Renée Zellweger as Bridget Jones
Hugh Grant as Daniel Cleaver
Colin Firth as Mark Darcy
Jacinda Barrett as Rebecca
Gemma Jones as Mum
Jim Broadbent as Dad
Donald Douglas as Admiral Darcy
Shirley Dixon as Mrs. Darcy
Shirley Henderson as Jude
Sally Phillips as Shazzer
Celia Imrie as Una Alconbury
Dominic McHale as Bernard
Neil Pearson as Richard Finch
Critique:
Bridget Jones: The Edge of Reason is a weak sequel that replaces character development and wit with a barrage of preposterous situations all designed to make Bridget (Renée Zellweger) look ridiculous. It is very often amusing, but never more than that.
Bridget has settled down to warm and comfortable relationship with the man of her dreams Mark Darcy (Coin Firth). Naturally, through a concoction of mistaken intents and Bridget’s own tremendous self-doubt, she dumps him and proceeds through a series of increasingly bizarre circumstances (ending in a stint in a Thai jail) before she realizes just how good she had it and what she’d done to mess it up.

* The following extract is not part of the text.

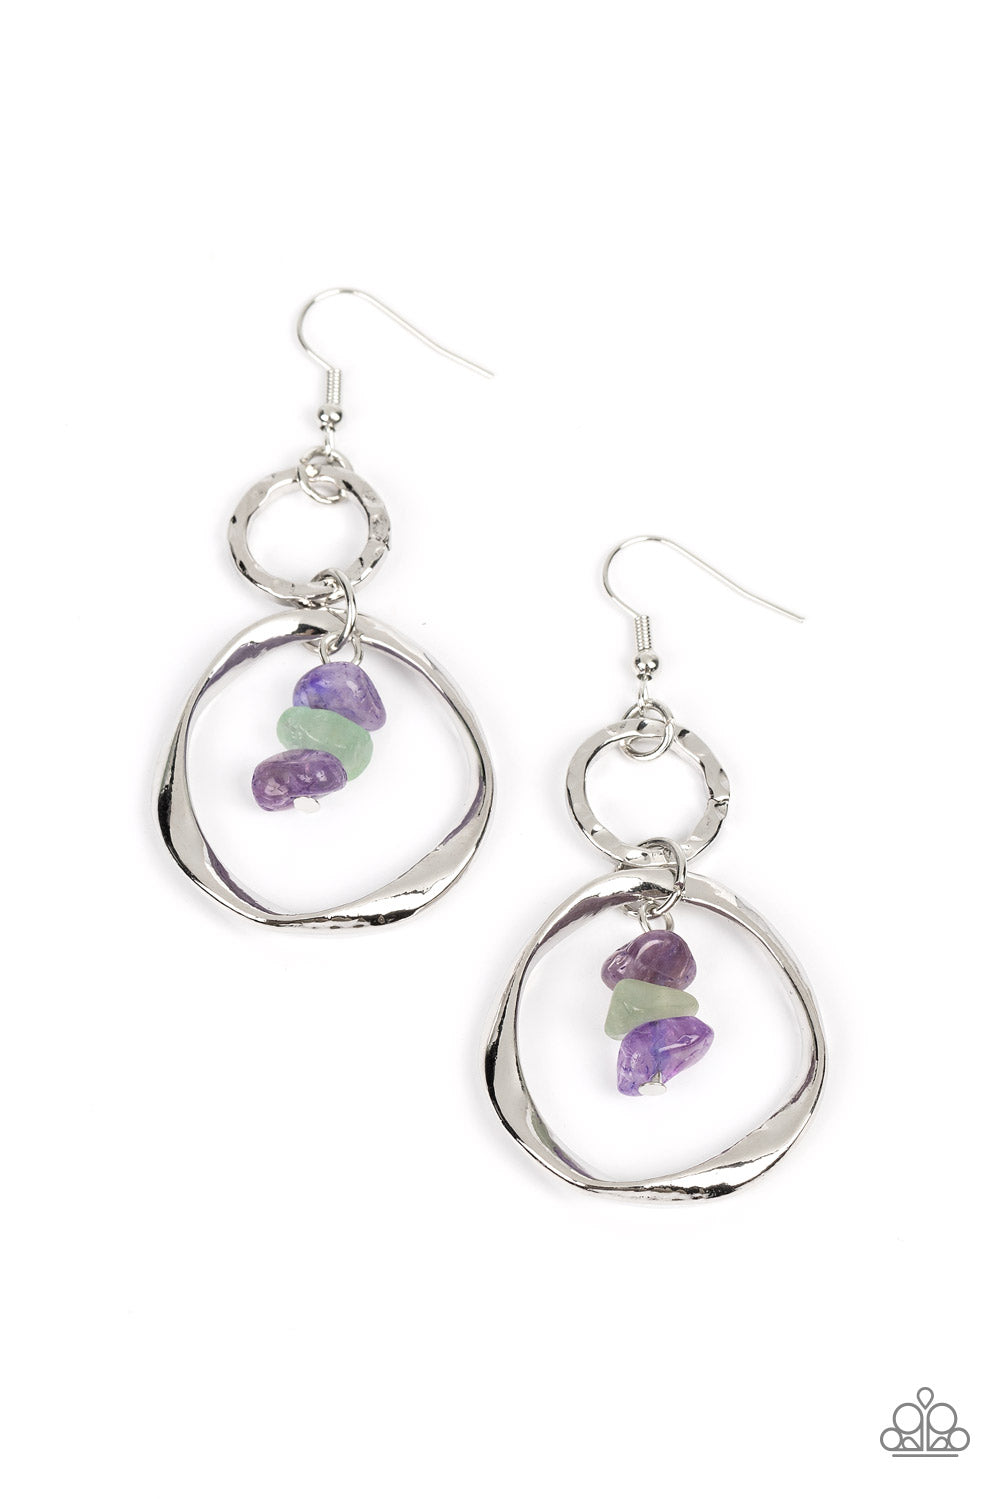 Good-Natured Spirit - Amethyst Purple and Jade Pebble Stones Silver Fishhook Earrings
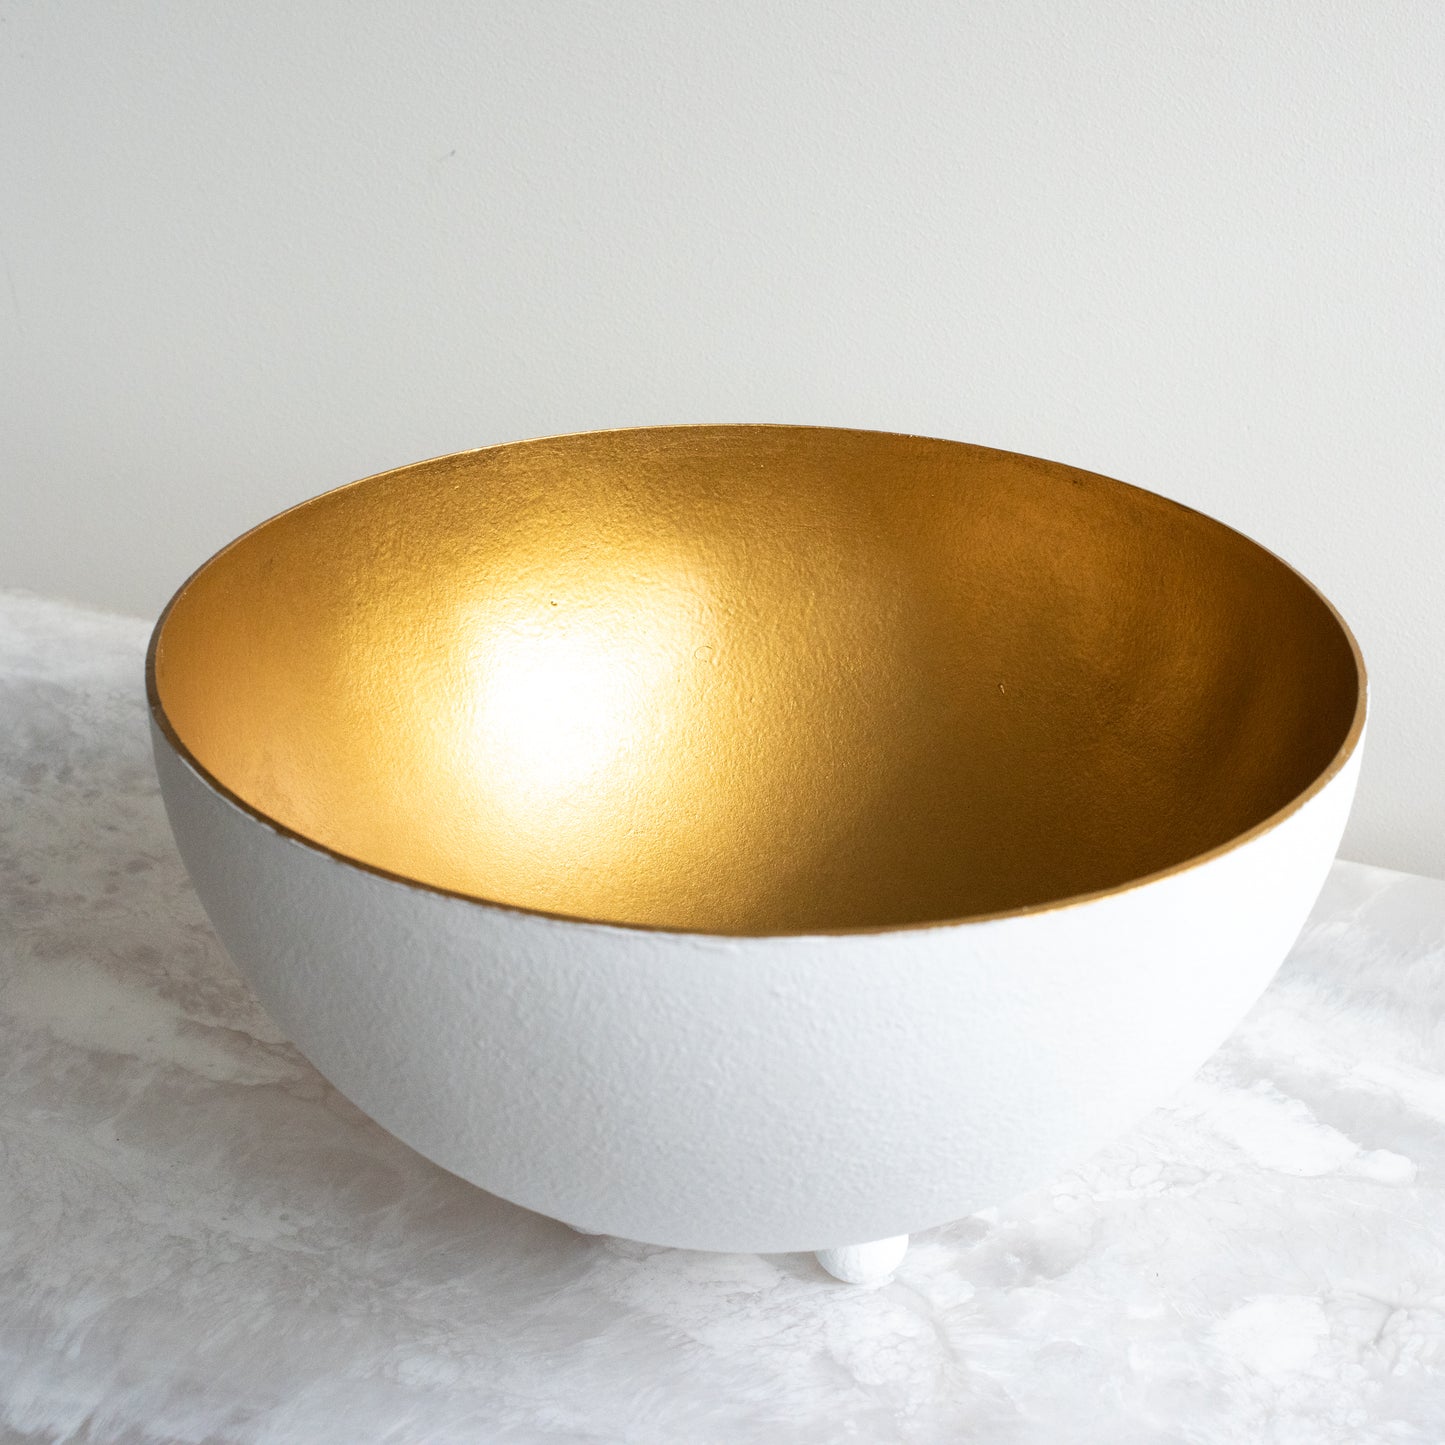 Hamish Bowl with Gold Interior- 12"

Zellweger is still charming and funny as Bridget, trying desperately to maintain a sense of poise and dignity, no matter how undignified a situation she finds herself in. Unfortunately, every other character is also the same as well. Hugh Grant is still a charming rogue, Colin Firth is still the remote and inscrutable perfect man. Everyone is still as they were at the end of the first movie and (except for Bridget-who realizes that she is, more often than not, the cause of her own troubles) they’re still the same way at the end of Edge of Reason as well.
The witty Richard Curtis banter that carried the first Bridget Jones so well is mostly gone, replaced by slapstick and comedy-of-errors type misconceptions, which are funny, but easily forgotten.
Summary:
By itself, Edge of Reason is a decent but entirely forgettable comedy that could have been more, if it hadn’t decided to play things safe.